In the most recent wave of autism genetic studies, the gene neurexin-1alpha has been linked to ASD perhaps more often than any other, drawing attention to our need to better understand how its biological function relates to ASD. Motivated by these genetic findings, in 2009 researchers completed the first detailed behavioral characterization of mice lacking the neurexin-1alpha gene, discovering analogies to at least one core domain of ASD.
Over the past few years, researchers studying ASD from a variety of angles have honed in on what appears to be a central role for proper synaptic functioning in the biology of ASD. Synapses are the specialized sites of nerve cell communication within the brain. Importantly, it is believed that the ability of synapses to regularly change their communication properties is what underlies learning and memory and other forms of neuroplasticity. Scientists have discovered that several genes responsible for producing molecules that are active at synapses are altered in individuals with ASD [see 2008 Autism as a Synaptic Disorder and this year's Study of Genetic Copy Number Variations]. The first synapse genes linked to ASD were the "neuroligins," and much effort has since been directed toward understanding their biological function. Furthermore, in the last two years, no less than eight genetic studies have – incredibly – also implicated abnormalities in a gene, neurexin-1alpha, that produces binding partners of the neuroligin proteins. Neurexin proteins work in tandem with the neuroligin proteins to govern proper operation of synapses. This provides independent support for the role of synaptic function in ASD, and it also makes researchers fairly confident that understanding the complicated biological role of the neuroligin-neurexin signaling pathway will provide important insight into brain function in ASD. However, whereas the biological characterization of animal models lacking neuroligins has been in progress, characterizing the behavioral result of losing neurexin function had not yet been examined.
Researchers from Stanford University and UT Southwestern Medical Center, Dallas have now studied mice lacking neurexin-1alpha, looking for signs of any ASD-related symptoms1. First, they focused on the synapse, and confirmed subtle disruptions in neurotransmission between brain cells. The result of these disruptions was to shift the ratio of excitatory:inhibitory neurotransmission in the brain. This type of change in neural circuitry would indeed be expected to impact brain function and cognition. Next, looking more globally at the behaviors of the mice, they found that although at first pass they appear largely typical, the mice actually had a nearly two-fold increase in stereotyped grooming behaviors (considered a mouse version of human repetitive behaviors), linking the gene to at least one core behavioral feature of ASD. Finally, in a somewhat unexpected result, the researchers tested the animals in several different situations, but found no deficits in social behaviors or anxiety. Fascinatingly, this result contrasts with their earlier work in mice with a specific neuroligin mutation [see 2007 First 'Humanized' Mouse Model], which showed abnormalities in social behavior but no changes in repetitive behaviors. This could mean that the neurexin-1alpha gene plays a unique role in stereotyped behaviors. Alternatively, the currently generated neurexin-1alpha mouse mutant may not fully mimic the human ASD mutation. All of these are possibilities that future research will now be in position to address.

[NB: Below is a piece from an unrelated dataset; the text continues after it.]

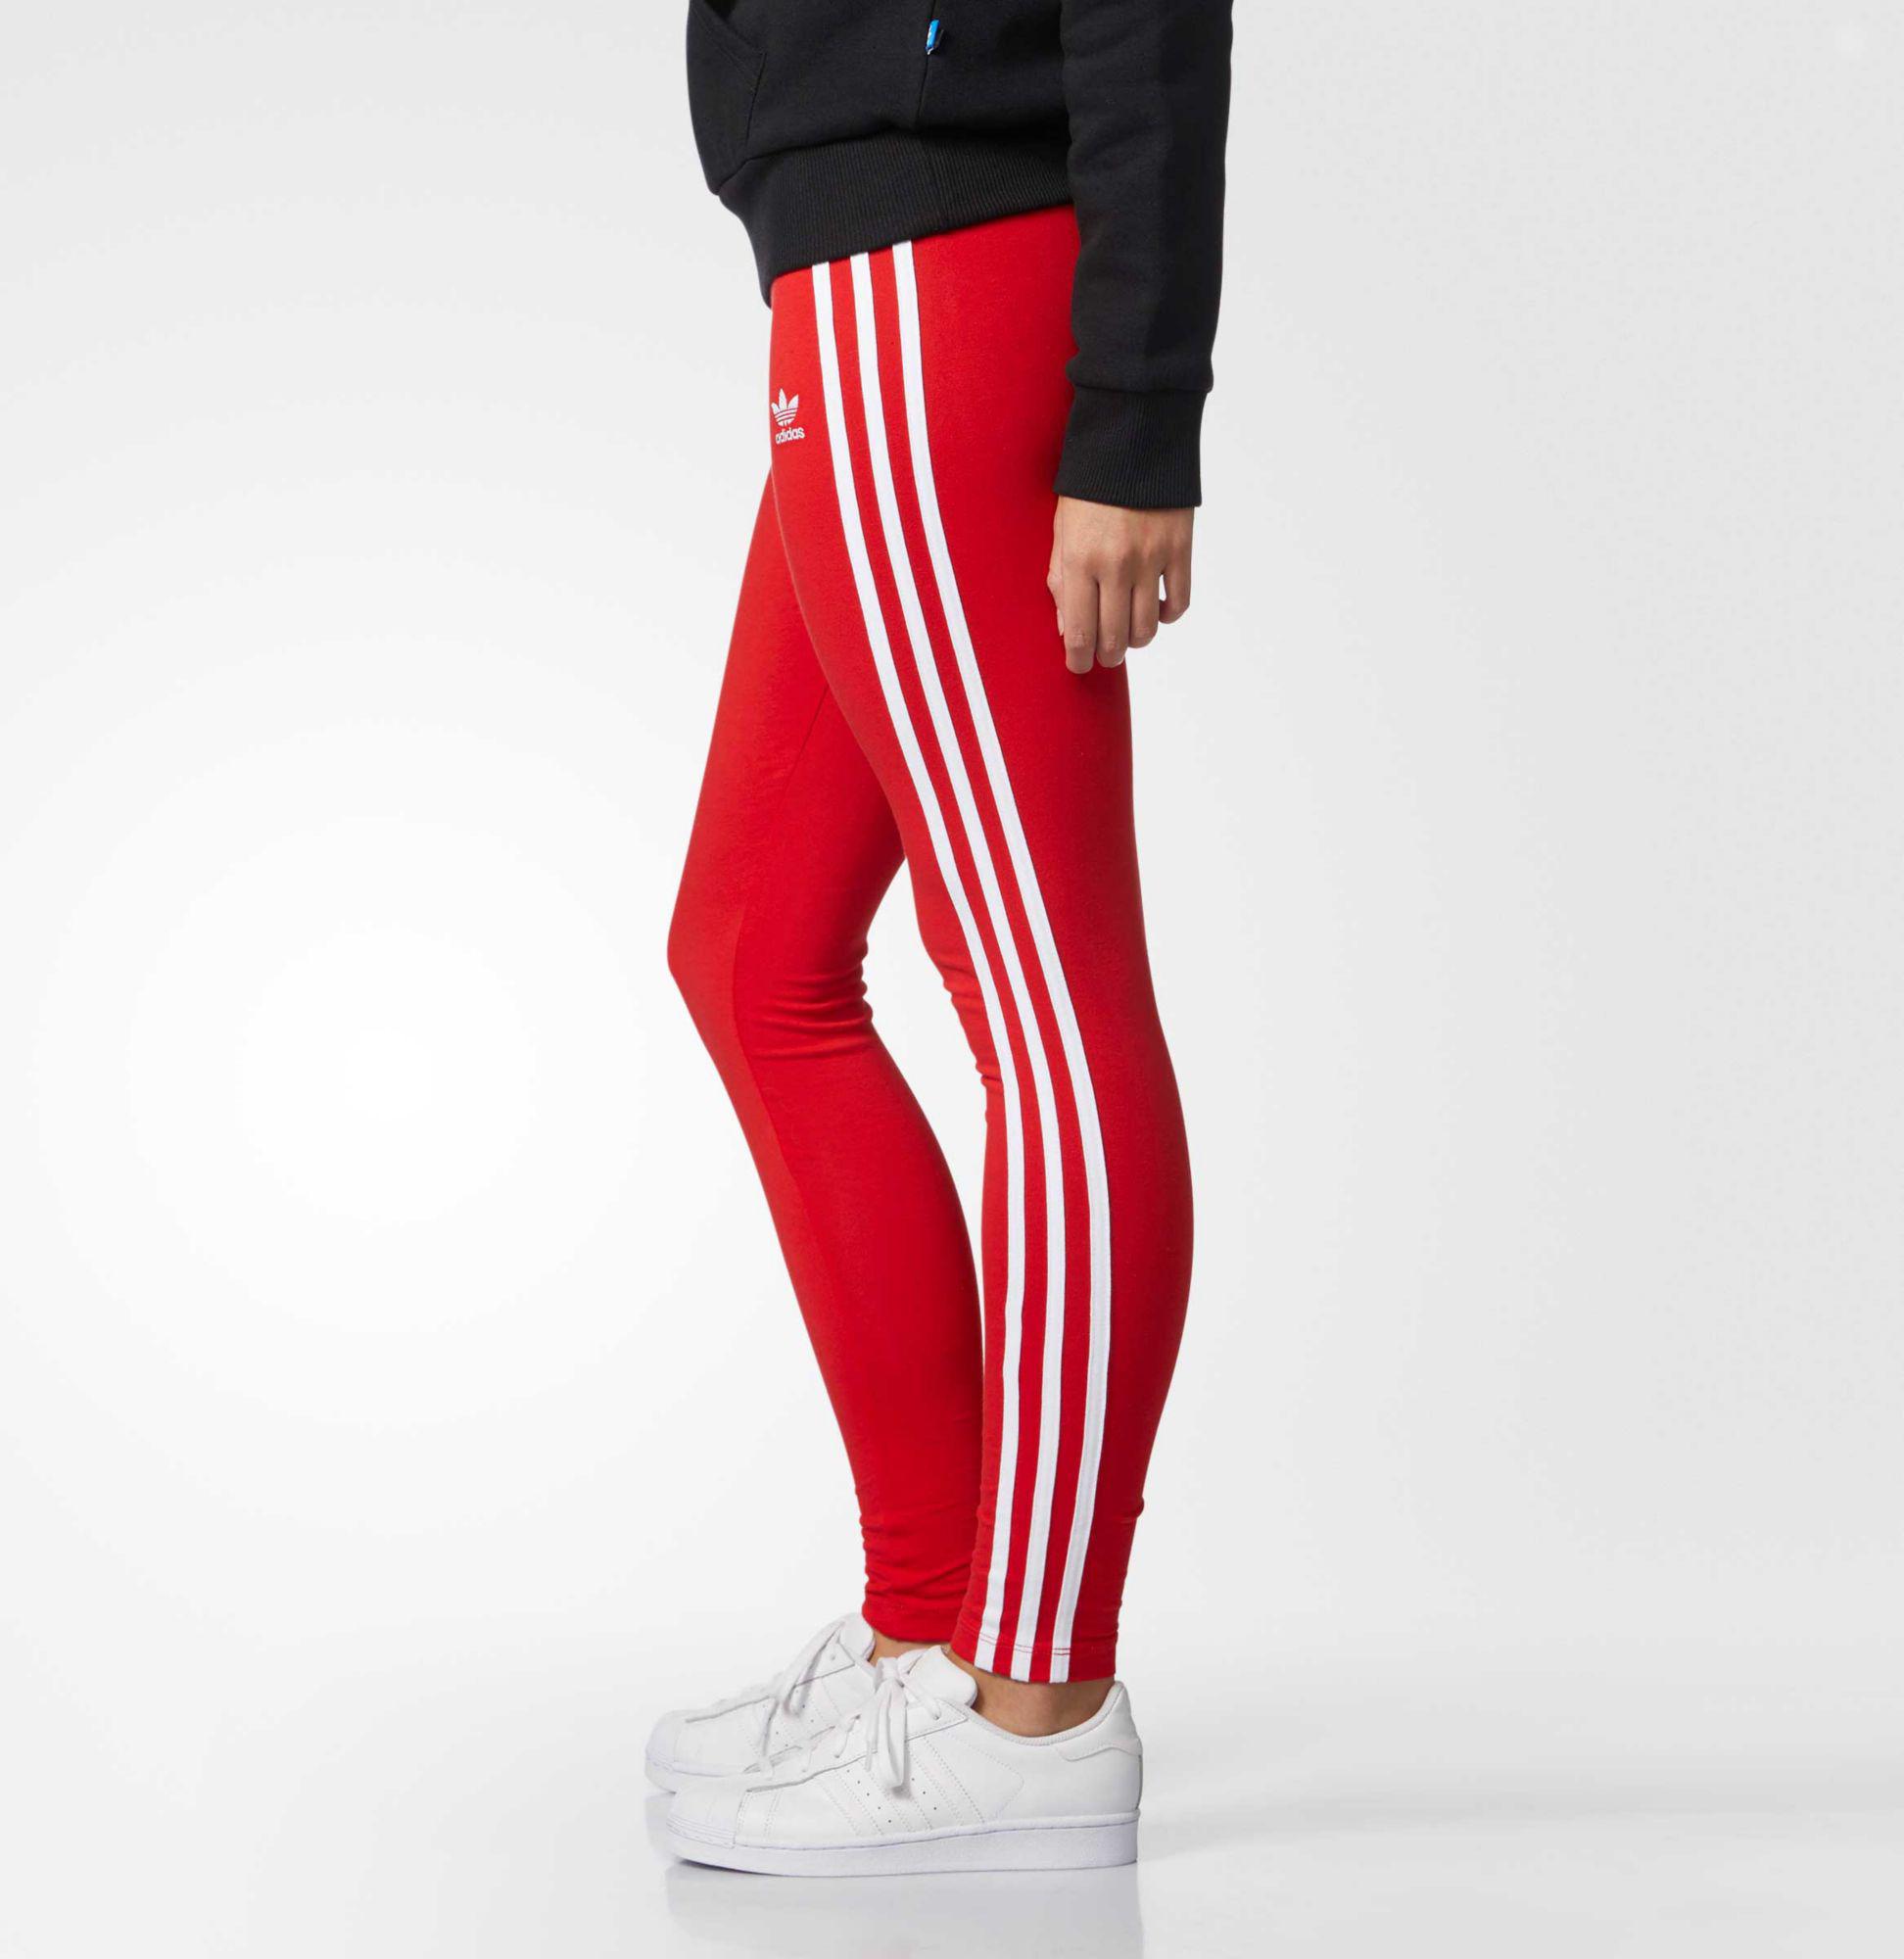 adidas Cotton Originals 3-stripes Leggings in Vivid Red (Red) - Lyst
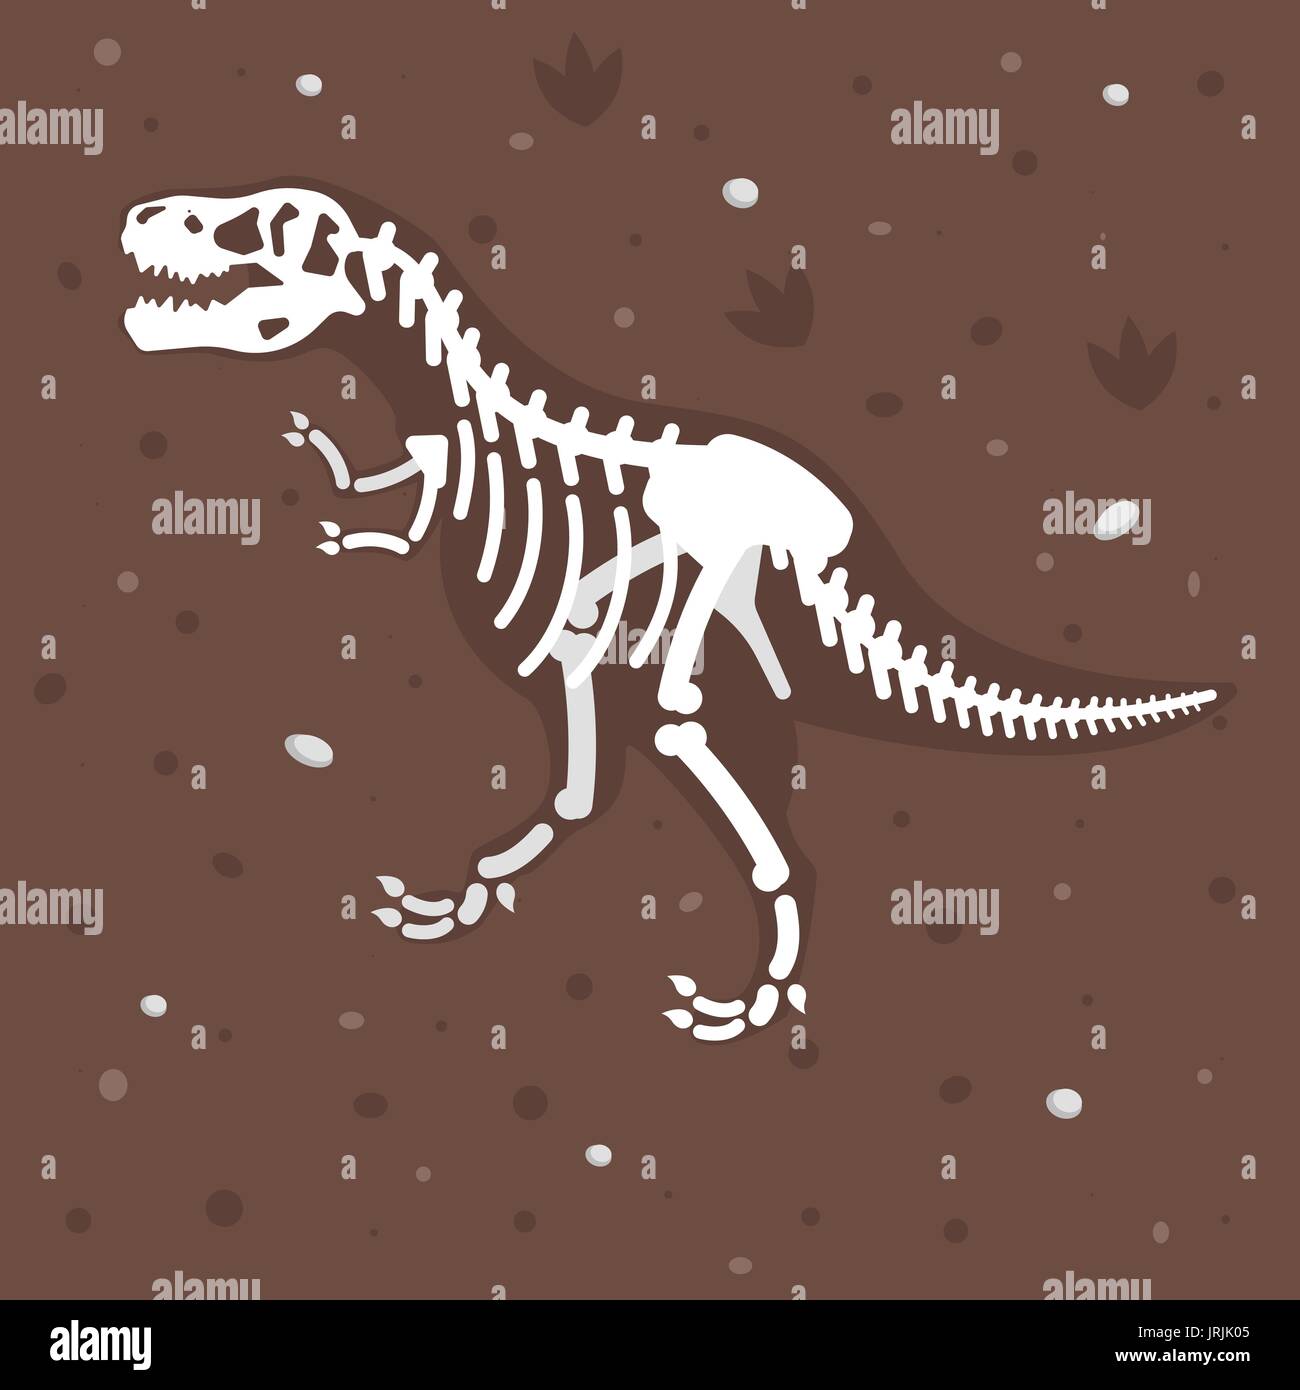 Flache Vektorgrafik von Dinosaurier-Skelett in den Boden. Prähistorische Raubtier - Tyrannosaurus Rex. Stock Vektor

Many animal models exist of the genetic disorders that share overlap with ASD (such as Fragile X, Tuberous Sclerosis etc.) and these models have been responsible for some of the most exciting results to emerge in recent years regarding the treatment of neurodevelopmental disorders [see 2008 Translational Research Places the Spotlight on Treatment of Neurodevelopmental Disorders]. Yet, the creation of model systems of so-called 'idiopathic' autism, autism that is not related to another known medical disorder, is still in the beginning stages, so the characterization of each novel model adds a significant new tool for the research community. Because the animals display some unusual characteristics that are conceptually similar to individuals with ASD, lessons from such mice stand to improve our ability to understand and treat ASD in humans. They also demonstrate that ASD can be dissociated into individual 'phenotypes' which may be independently modeled and studied. In this way, characterization of mouse models with mutations in genes for neuroligins and neurexins, both of which regulate synapses in the brain, highlights how genetic findings can be successfully and immediately leveraged into new autism research opportunities.